### [What you should do]
Copy out every line of the material below, character for character, apart from the pictures.

### [Supplied information]
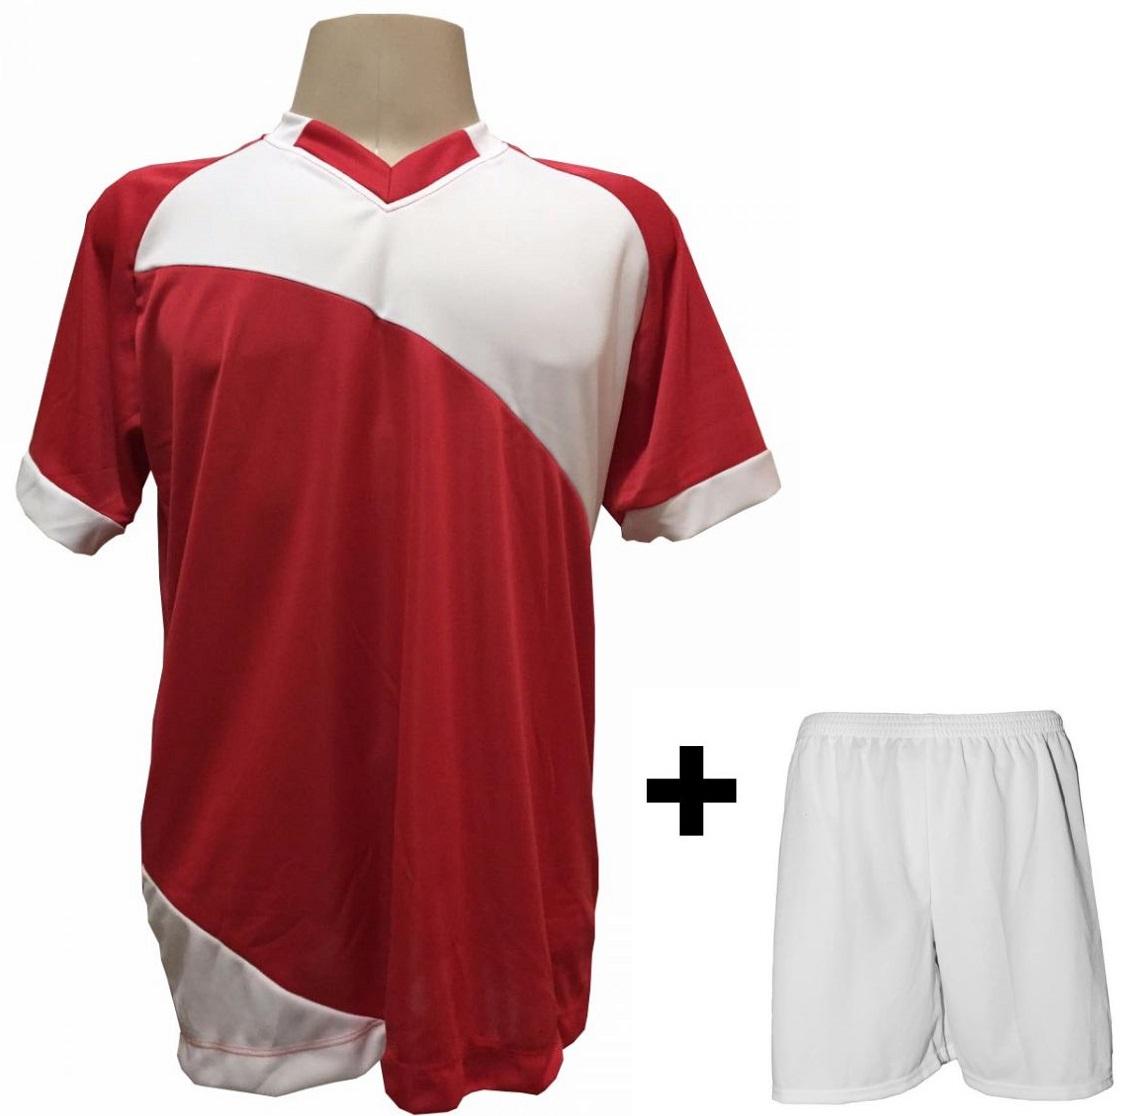 Uniforme Esportivo com 20 camisas modelo Bélgica Vermelho/Branco + 20 calções modelo Madrid Branco + Brindes
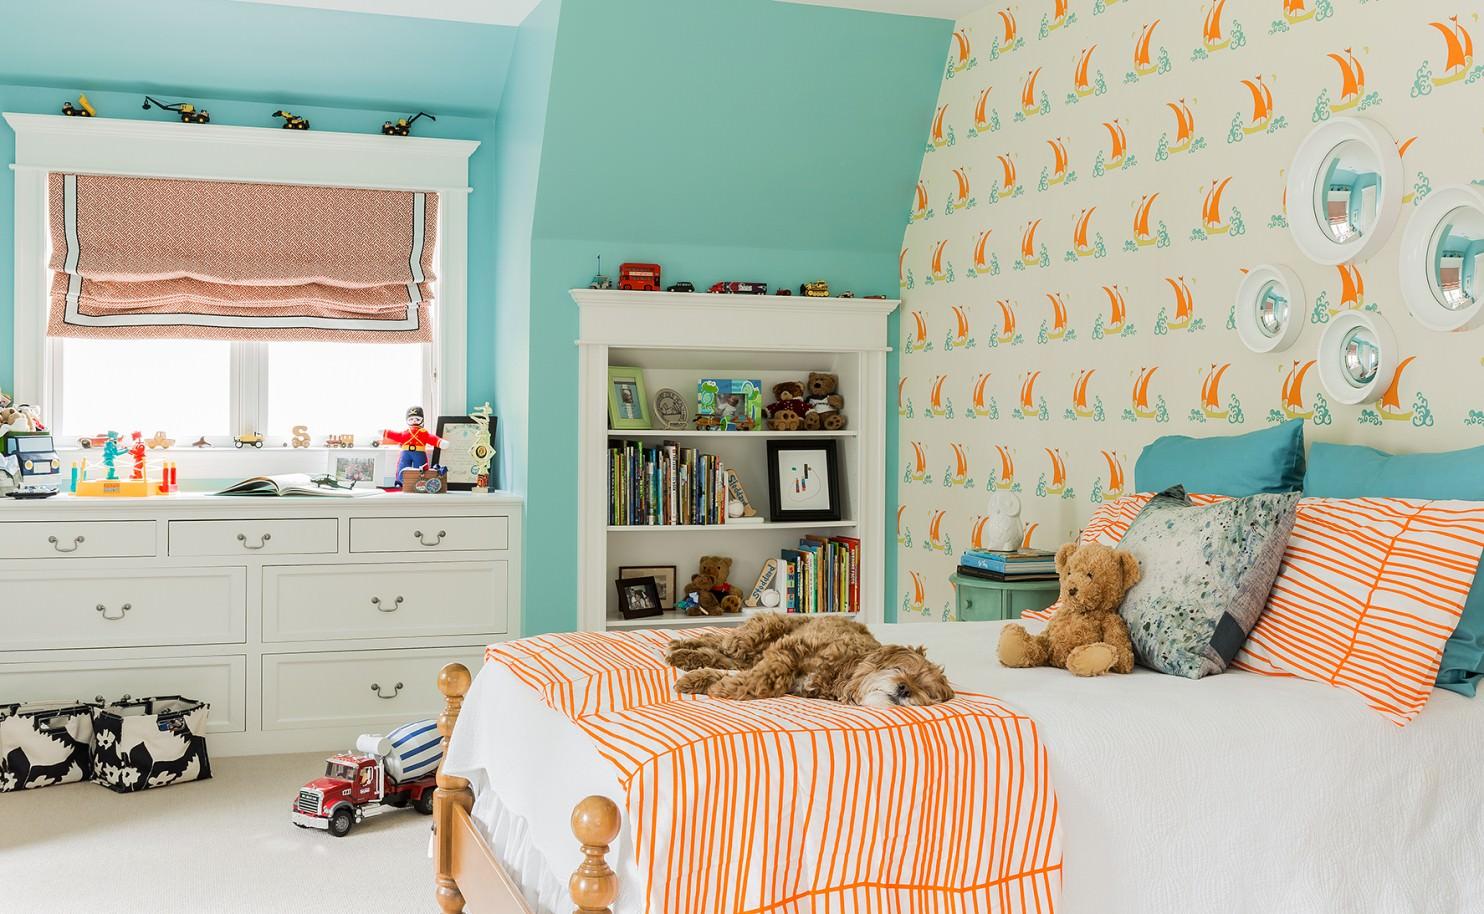 Оранжевый, белый и бирюзовый цвета в интерьере детской спальни
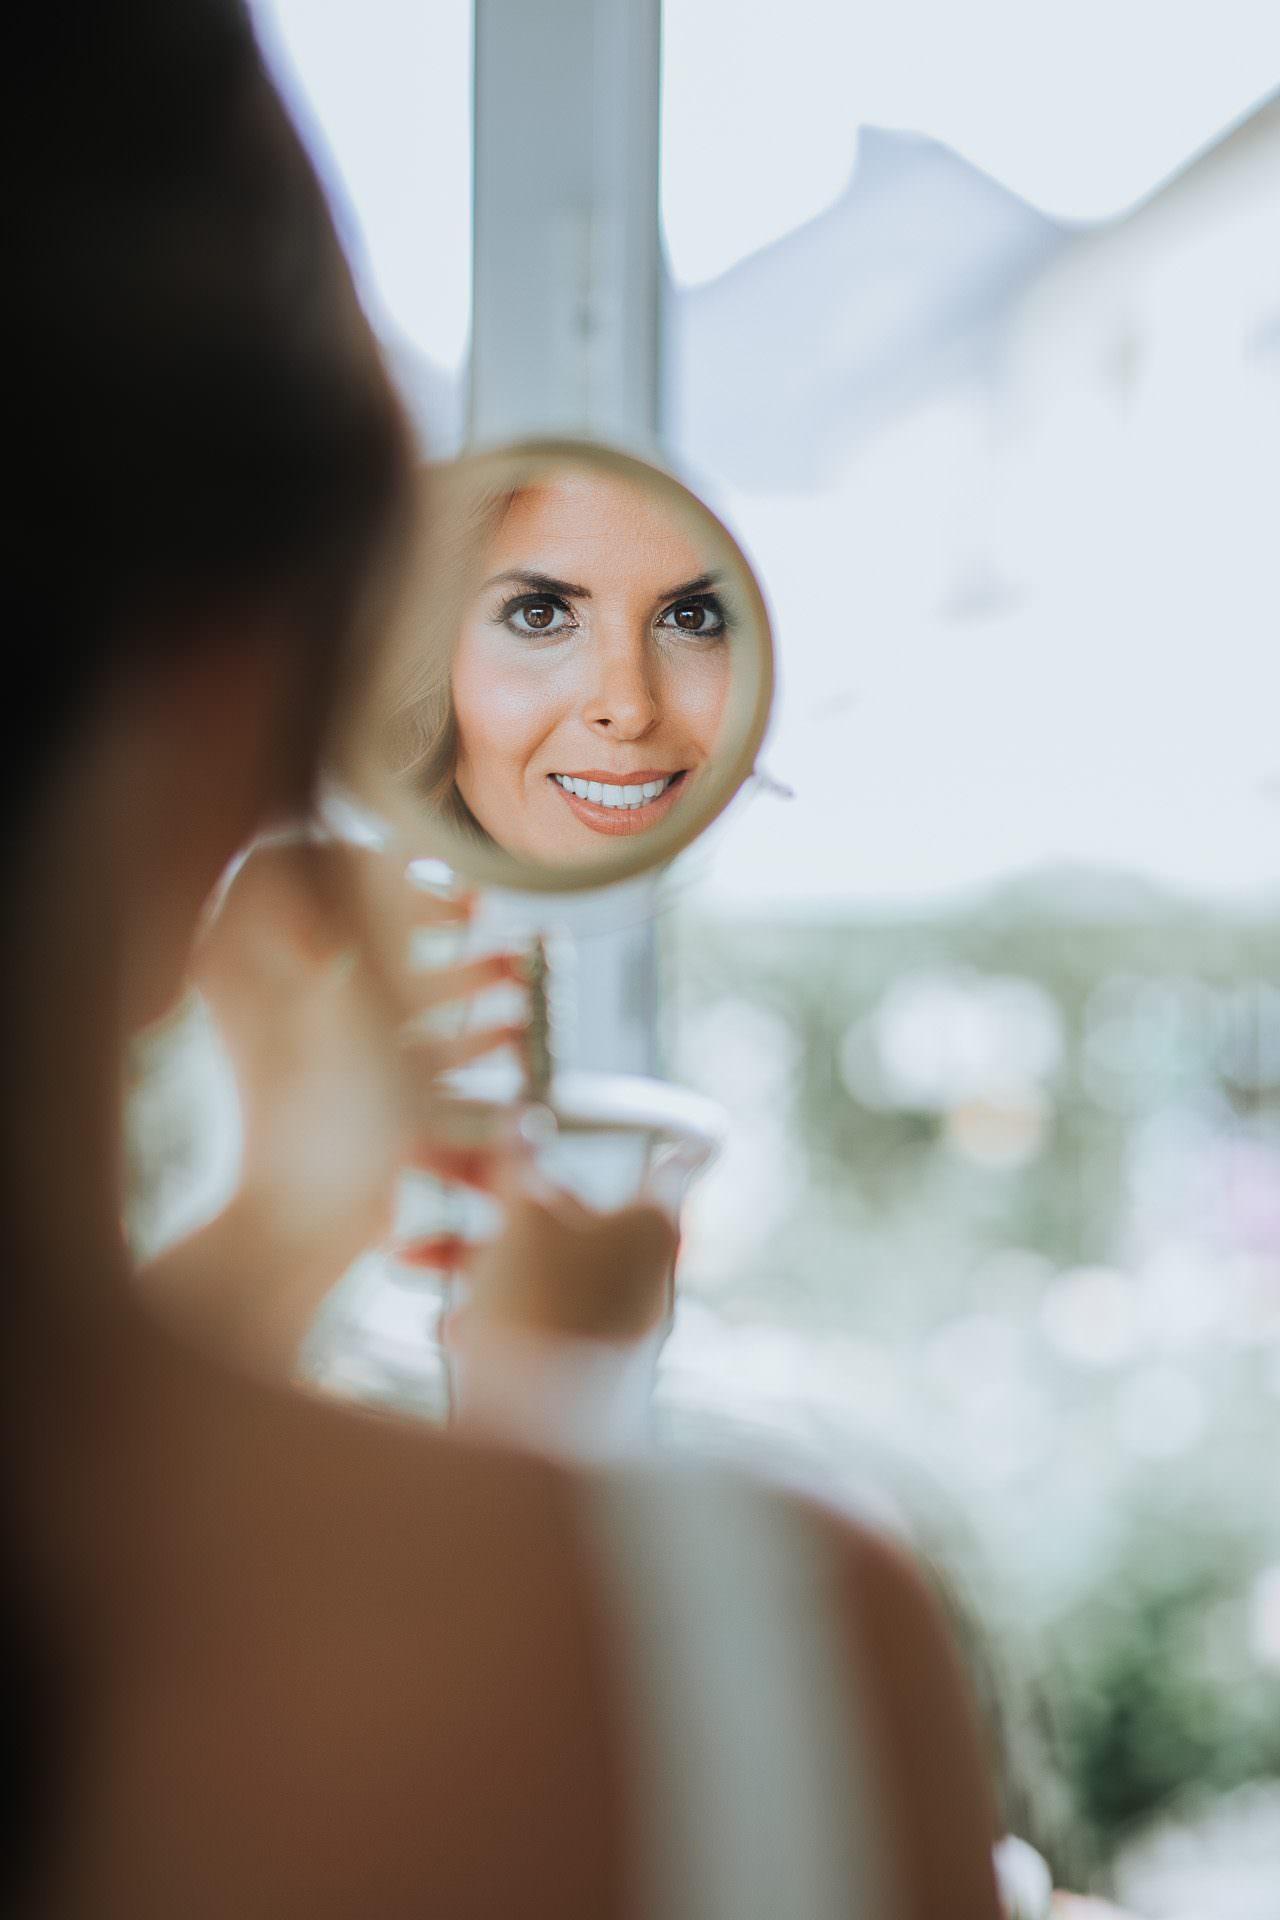 Janine schaut in den Fotografen in einem Handspiegel an

### [Solution to the problem]
 Uniforme Esportivo com 20 camisas modelo Bélgica Vermelho/Branco + 20 calções modelo Madrid Branco + Brindes
 Оранжевый, белый и бирюзовый цвета в интерьере детской спальни
 Janine schaut in den Fotografen in einem Handspiegel an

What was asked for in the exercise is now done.